The September 2010 Quetta bombing occurred on 3 September 2010 in Quetta, Pakistan. At least 73 people were killed and 206 injured when a bomb exploded in a Quds Day procession which Shias were carrying out to express solidarity with Palestinians.

Background
Pakistan, which has a mostly Sunni population, has seen sectarian attacks against minorities including Shias, who account for about 35–40% of Pakistan's population, and are the followers of the Prophet's progeny. Two days prior to these attacks dozens of Shias were killed in a similar attack in Lahore. Sunni militant groups like Lashkar-e-Jhangvi and Sipah-e-Sahaba Pakistan which operate in Pakistan have for years targeted minorities including Shias.

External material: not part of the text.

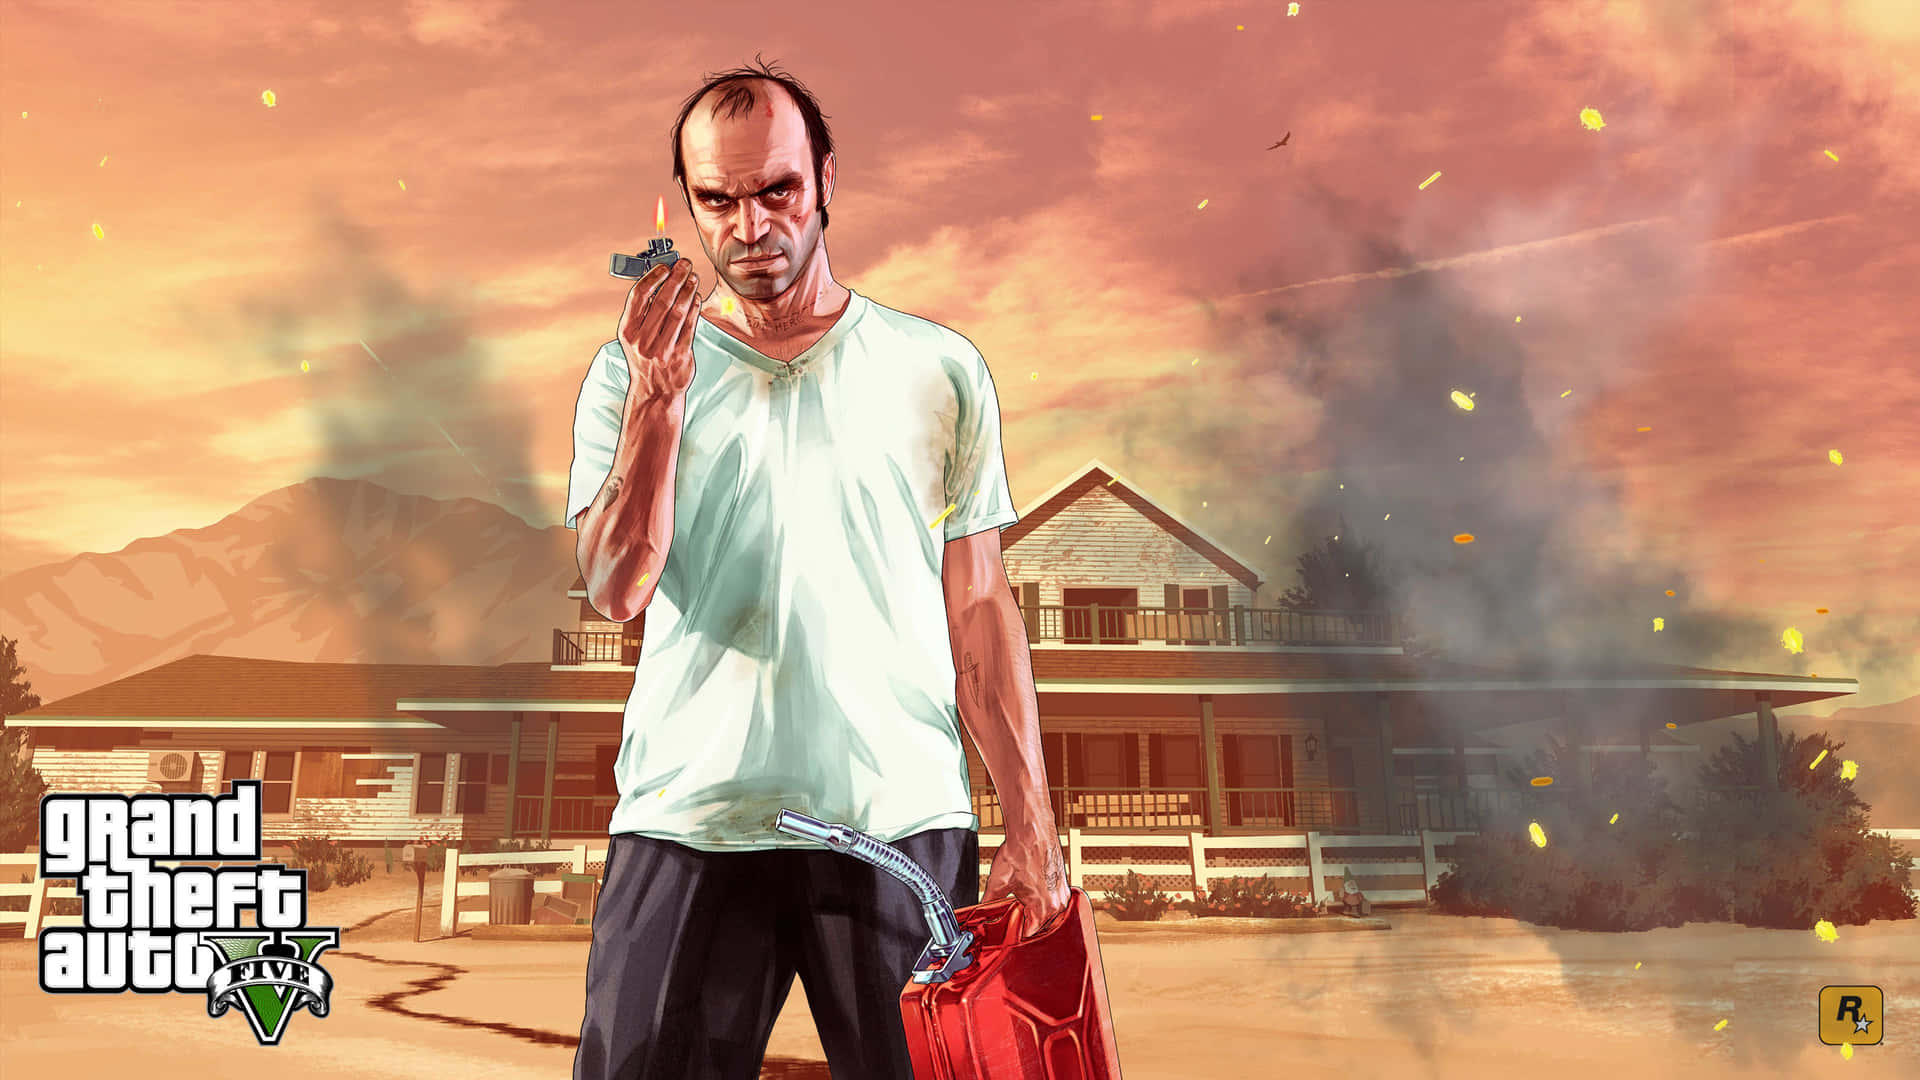 Upplevett Actionfyllt Spel I Världen Av Grand Theft Auto 5!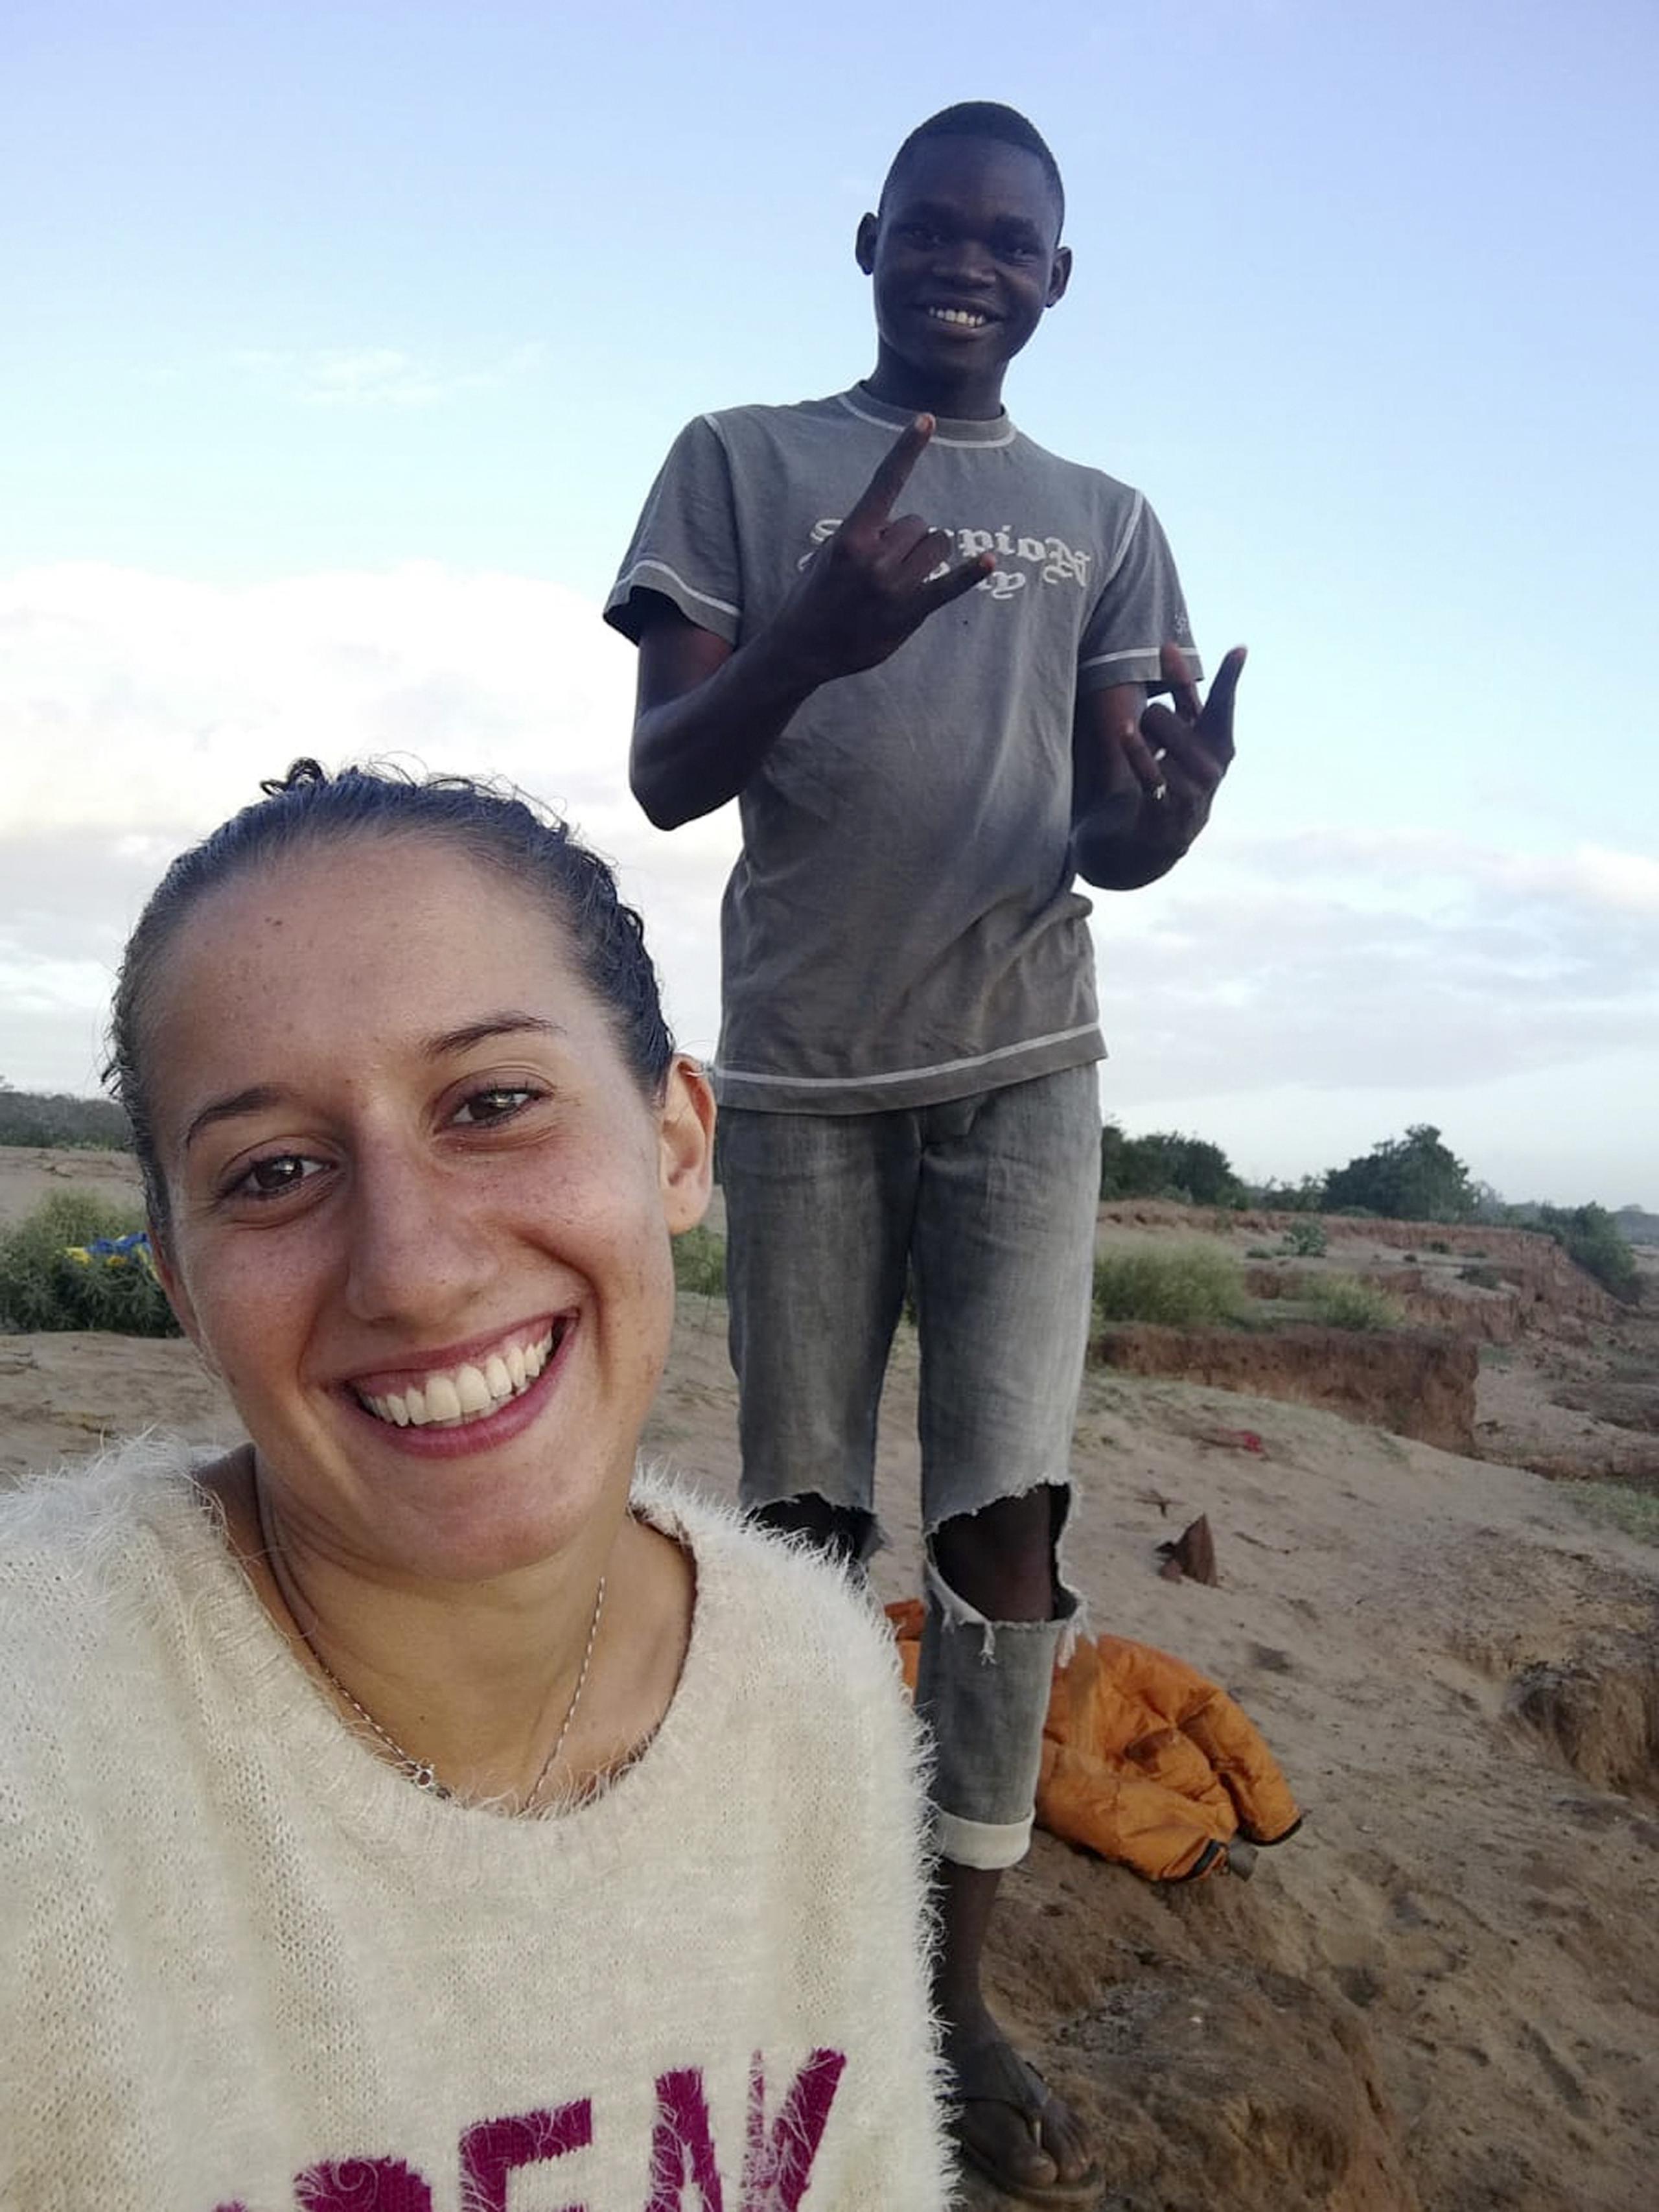 La voluntaria italiana Silvia Constanza Rmano posa con Ronald Kazungu Ngala, de 19 años, en la aldea de Chakama, en el condado costero de Kilifi, en Kenia

On the day prior to this attack Pakistan's interior minister Rehman Malik had asked the Shia community not to hold large gatherings due to security concerns.

Attack
The procession was to mark the Quds Day event staged every year by the Shia community to oppose Israel's occupation of Jerusalem. The rally drew an estimated 2,500 participants, mostly Shiias. The size of the blast caused a stampede. The explosion occurred in the Meezan chowk area of the town. The bomb exploded around 3:05 pm local time. It was estimated that the suicide bomber used about 15 kilograms of explosives.

Responsibility
Lashkar-e-Jhangvi claimed responsibility for the attack and said a 22-year-old suicide bomber, Rashid Moaawia, carried out the attack.

Aftermath
Following the blast, widespread protests erupted in the city with gunfire being heard across the city. Several shops were burnt by the protesters. People were seen lying on the roads to avoid gunfire, while others set fire to vehicles and buildings to vent their anger.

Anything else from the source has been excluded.